Washington Post author Maria Sacchetti, for example, posted a third article on Sunday that allows amnesty lobbyists to praise and flatter Sen. Chuck Schumer (D-NY) for promising to push an amnesty through Congress.

But Sacchetti does not even refer to the economic damage done to Americans by companies’ government-granted ability to hire millions of illegal foreign workers, nor the windfall gains that go to wealthy employers, investors, and coastal cities, such as New York. Her article does not quote a single critic of cheap-labor migration.

Instead, she builds her article on personal stories, such as an illegal-migrant couple that lost their low-wage jobs when the coronavirus shut down the city:

“We went to bed and the city woke up paralyzed,” said Maria Mejia, who dreams of becoming a U.S. citizen and opening her own buffet-style restaurant. “But the city kept going. And who kept it going? We did. The undocumented.”

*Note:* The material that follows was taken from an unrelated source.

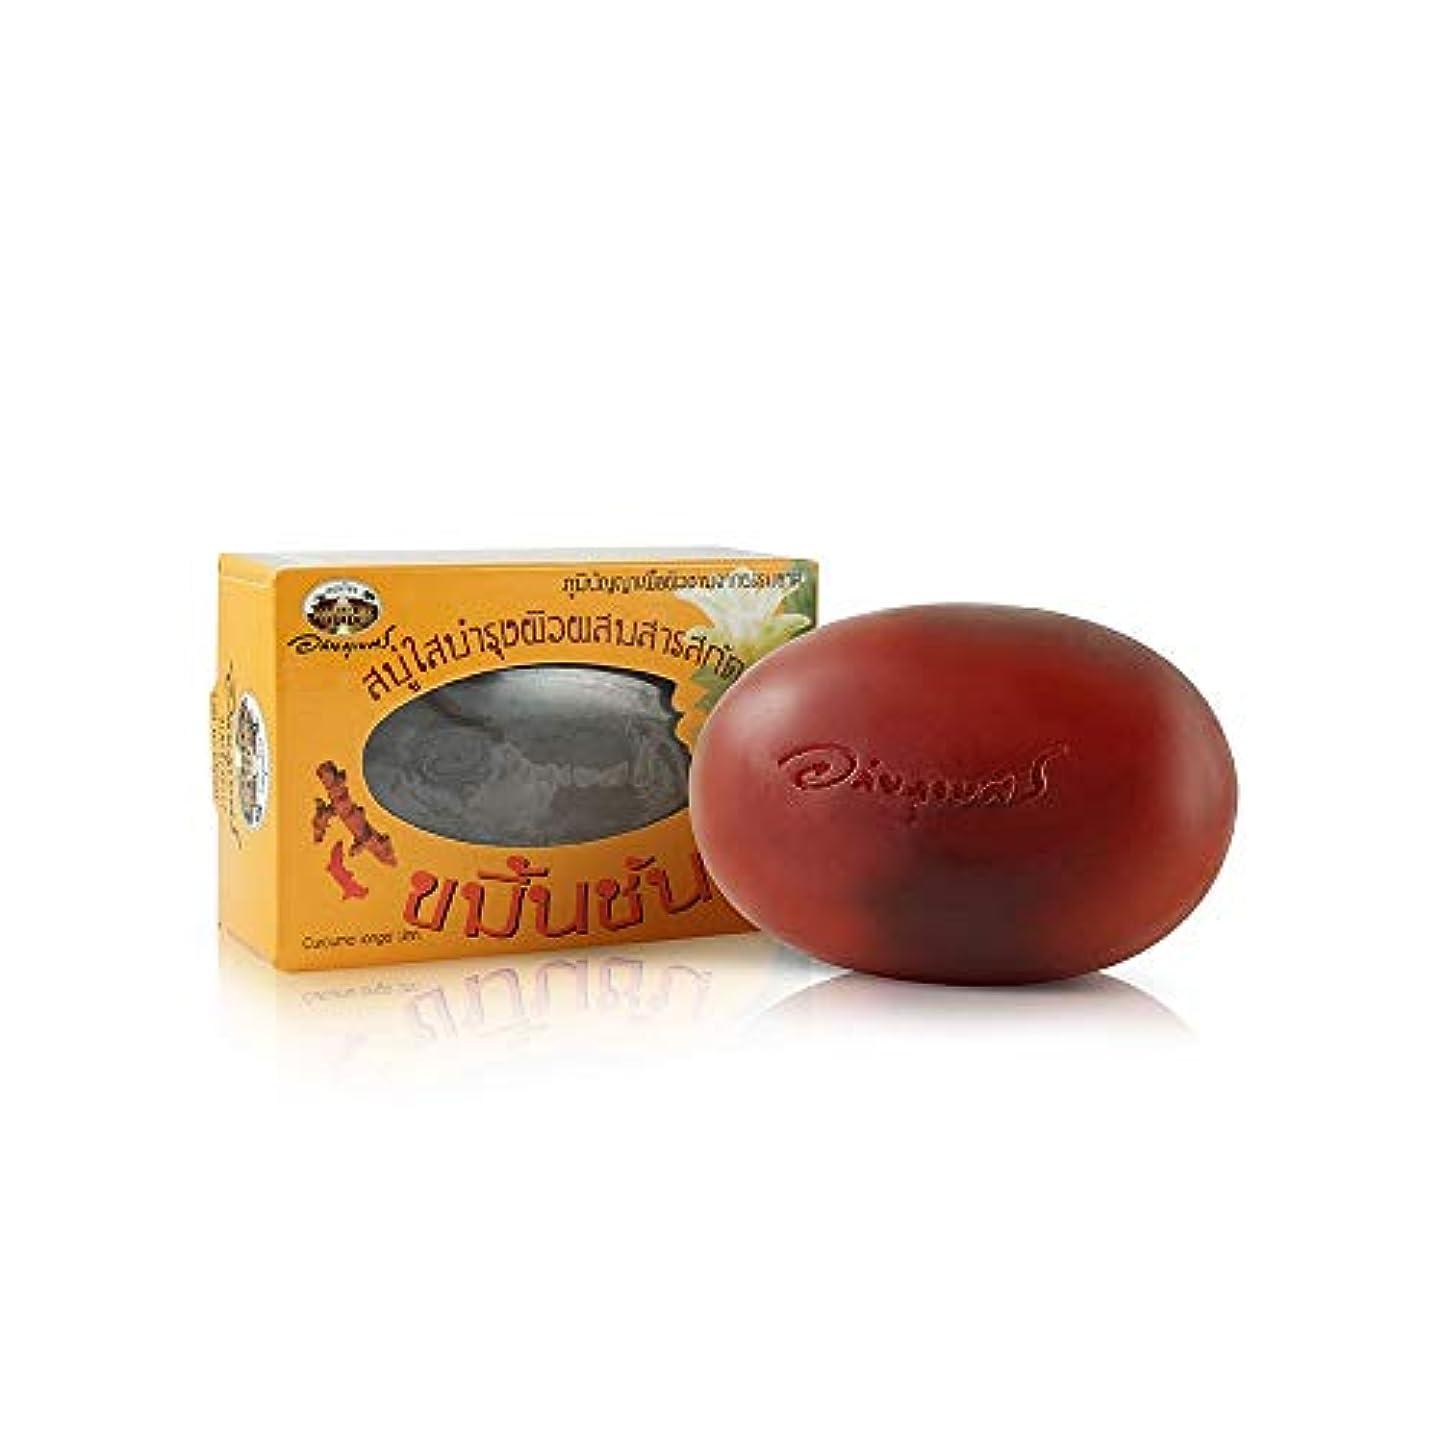 夕方軽く不潔Abhaibhubejhr Turmeric Vitamin E Herbal Body Cleansing Soap 100g. Abhaibhubejhrターメリックハーブボディクレンジングソープ100グラム。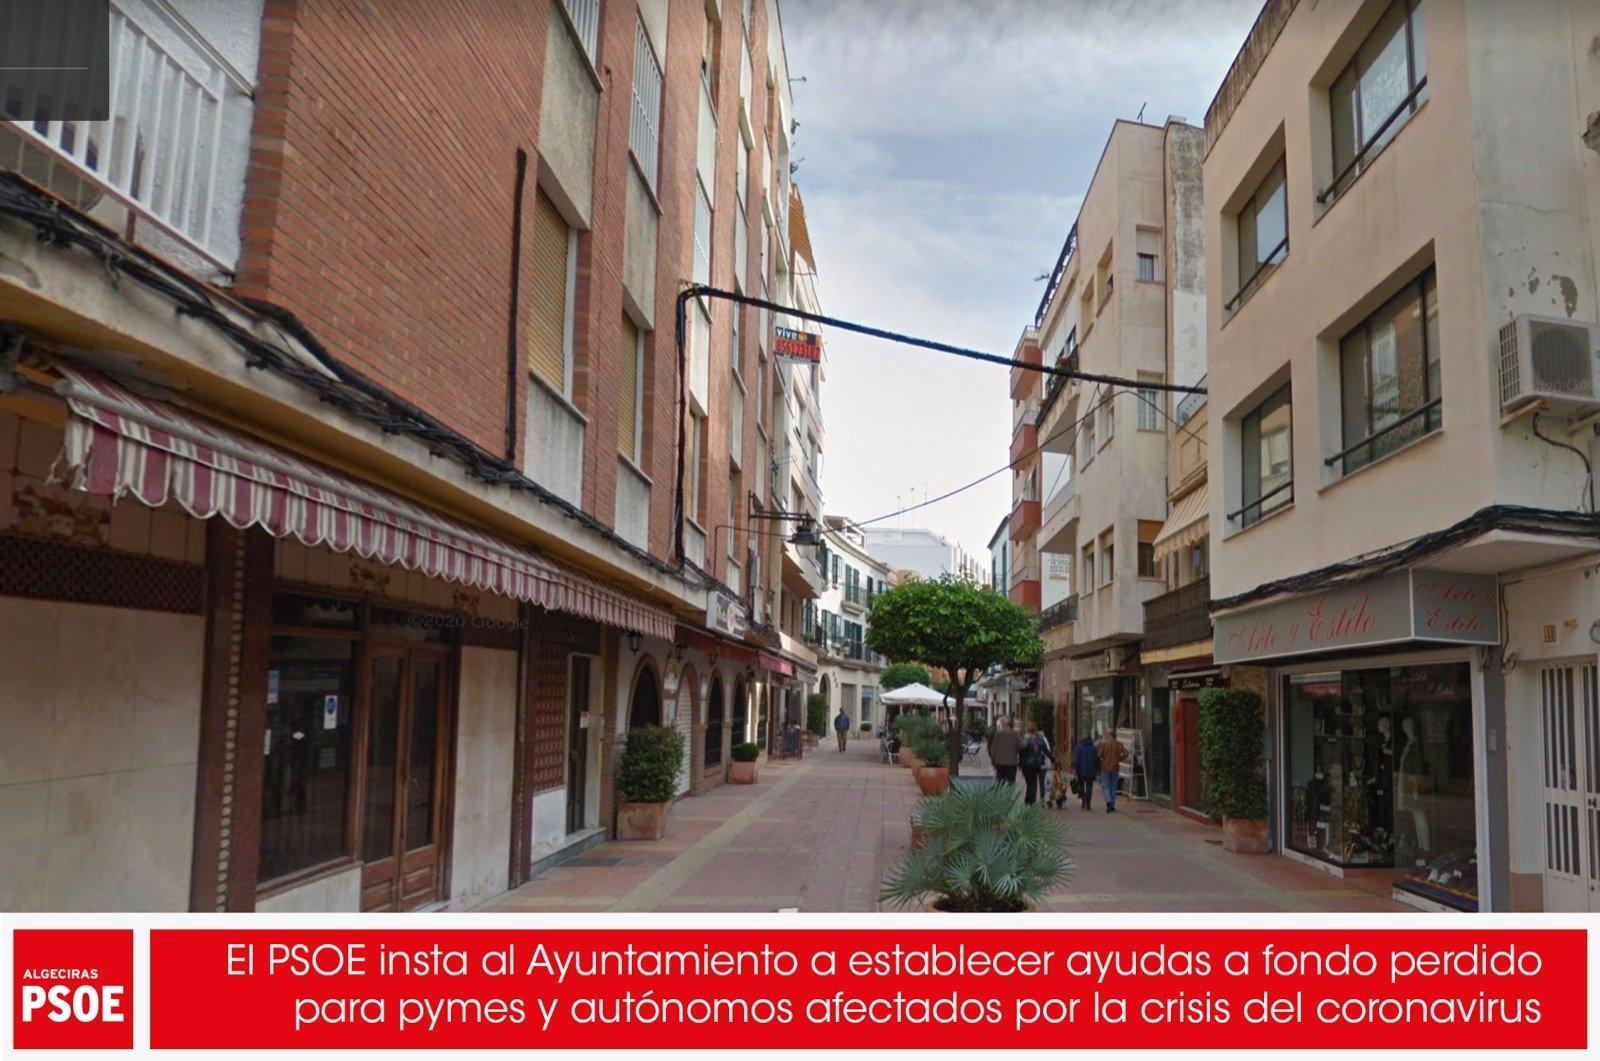 El PSOE insta al Ayuntamiento a establecer ayudas a fondo perdido para pymes y autónomos afectados por la crisis del coronavirus

But those personal stories lift the corner on the city’s welcome for low-wage, rent-paying migrants:

[Mejia’s] husband returned to work at a mom-and-pop supermarket last year, but like many undocumented immigrants, he has no health insurance, no overtime pay and no vacation time. He is paid $5 an hour, six days a week. The official minimum wage in New York is $15 an hour.

Another migrant, Oscar Lopez, 34, works as an “air-conditioner installer,” wrote Sacchetti. “He hadn’t returned to Mexico since he left 17 years ago. He needs the $21-an-hour job that pays his family’s expenses in both countries.”

Glassdoor reports that New York’s HVAC technicians earn roughly $31 per hour.

But Sacchetti does recognize that New York’s government welcomes the poor migrants who crowd into the city’s real estate market:

New York has attempted to integrate undocumented immigrants, providing them legal aid, issuing them city identification cards and state driver’s licenses, and creating a $2.1 billion state fund for “excluded” workers ineligible for federal pandemic aid.

Sacchetti’s guides to New York’s economic underground include both the National TPS Alliance and Make the Road New York.

Both groups are part of Mark Zuckerberg’s network of pro-migrati0n and pro-amnesty groups that are lobbying the media and Congress to pass a reconciliation amnesty this fall.

The lobbying campaign has urged Democrats to not talk about the economic impact of migration, and manipulated coverage by the TV networks and the print media. The network is also funding online ads praising Schumer for promising to push the amnesty through the Senate this year.

Zuckerberg’s FWD.us network of coastal investors stands to gain from more cheap labor, government-aided consumers, and urban renters.

The Washington Post is owned by Amazon founder Jeff Bezos. His fast-growing retail empire gains from the government’s inflow of additional consumers and workers.